The Hong Kong dollar has been pegged to the United States dollar since 1983 at HK$7.80 per U.S. dollar through a currency board system (see graph above, left scale). China has also successfuly stabilized the value of the Chinese yuan over the last ten years, not through a currency board, but with the same results as a currency board (see graph above). China has now let its currency depreciate by about 6% over the last year, partly under pressure from the U.S.

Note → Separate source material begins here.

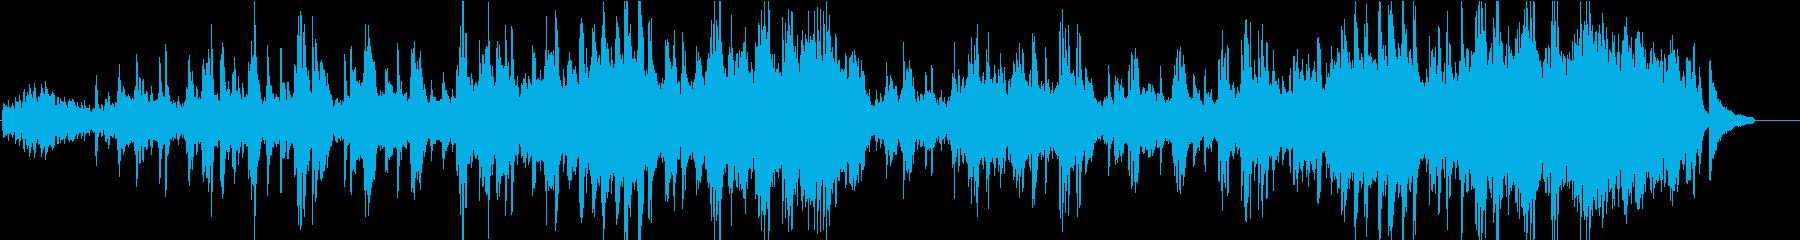 ピアニストが弾く人気曲「アヴェ・マリア」の再生済みの波形

Q: Why do people complain about "currency manipulation" of the Chinese yuan, and not about "currency manipulation" of the Hong Kong dollar, when both countries have attempted to maintain stable currencies vs. the USD, just through slightly different approaches? Perhaps Treasury Secretary Paulson should stop in Hong Kong after his trip to China, to pressure Hong Kong to end its currency board, and 25-year history of a stable ex-rate vs. the USD?
See the results here of a Google News search for "China currency manipulation" that returns 256 examples of that phrase in recent news reports. See the results here for a Google news search of the phrase "Hong Kong's currency manipulation" that returns O examples of those words. There are about a dozen countries around the world using currency boards, with the express intention of a stable currency and stable ex-rate vs. some stable currency like the pound (Falkland Islands), euro (Bosnia, Lithuania) or dollar (Cayman Islands, Bermuda, Hong Kong).
Perhaps China should move to a currency board? Results would be the same, but the charges of "currency manipulation" would stop.